As it seems that U.S. military intervention is on the horizon, experts are reviewing the putative plans to fire cruise missiles at Syrian military installations (plans that were leaked to a number of news organizations).
However, as Foreign Policy noted, the efficacy of such surgical strikes is very much in question. It's unclear, too, what such strikes have as an end goal -- a strategic objective of ousting Assad's regime has remained conspicuously absent from U.S. condemnations of Syrian army actions. The aim, more likely, is simply to punish Assad for the use of chemical weapons and dissuade future use; it's unclear whether surgical missile strikes would have this effect. The very architect of a strike plan for Syria told FP:
A former U.S. Navy planner responsible for outlining an influential and highly-detailed proposal for surgical strikes tells The Cable he has serious misgivings about the plan. He says too much faith is being put into the effectiveness of surgical strikes on Assad's forces with little discussion of what wider goals such attacks are supposed to achieve.

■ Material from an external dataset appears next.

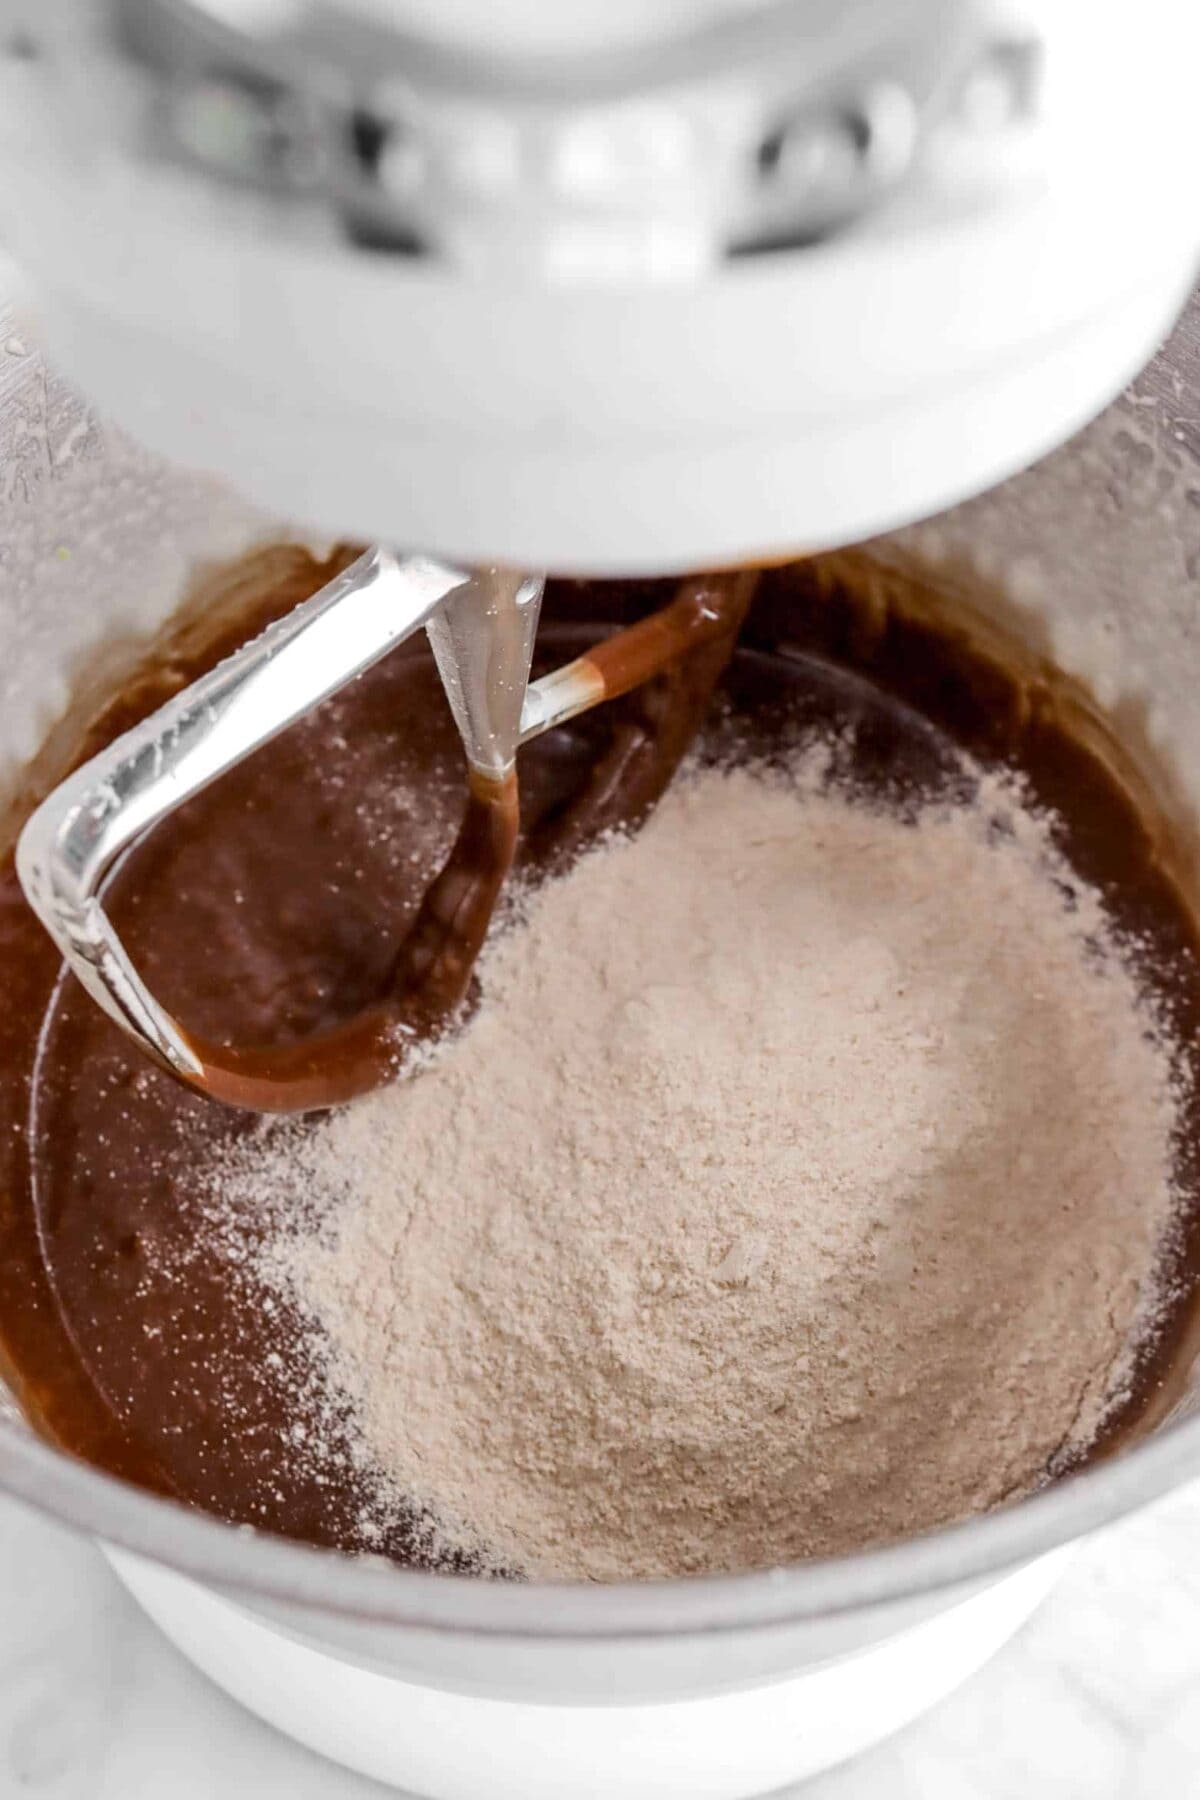 whole wheat flour added to chocolate mixture

"Tactical actions in the absence of strategic objectives is usually pointless and often counterproductive," Chris Harmer, a senior naval analyst at the Institute for the Study of War, said. "I never intended my analysis of a cruise missile strike option to be advocacy even though some people took it as that."
"I made it clear that this is a low cost option, but the broader issue is that low cost options don't do any good unless they are tied to strategic priorities and objectives," he added. "Any ship officer can launch 30 or 40 Tomahawks. It's not difficult. The difficulty is explaining to strategic planners how this advances U.S. interests."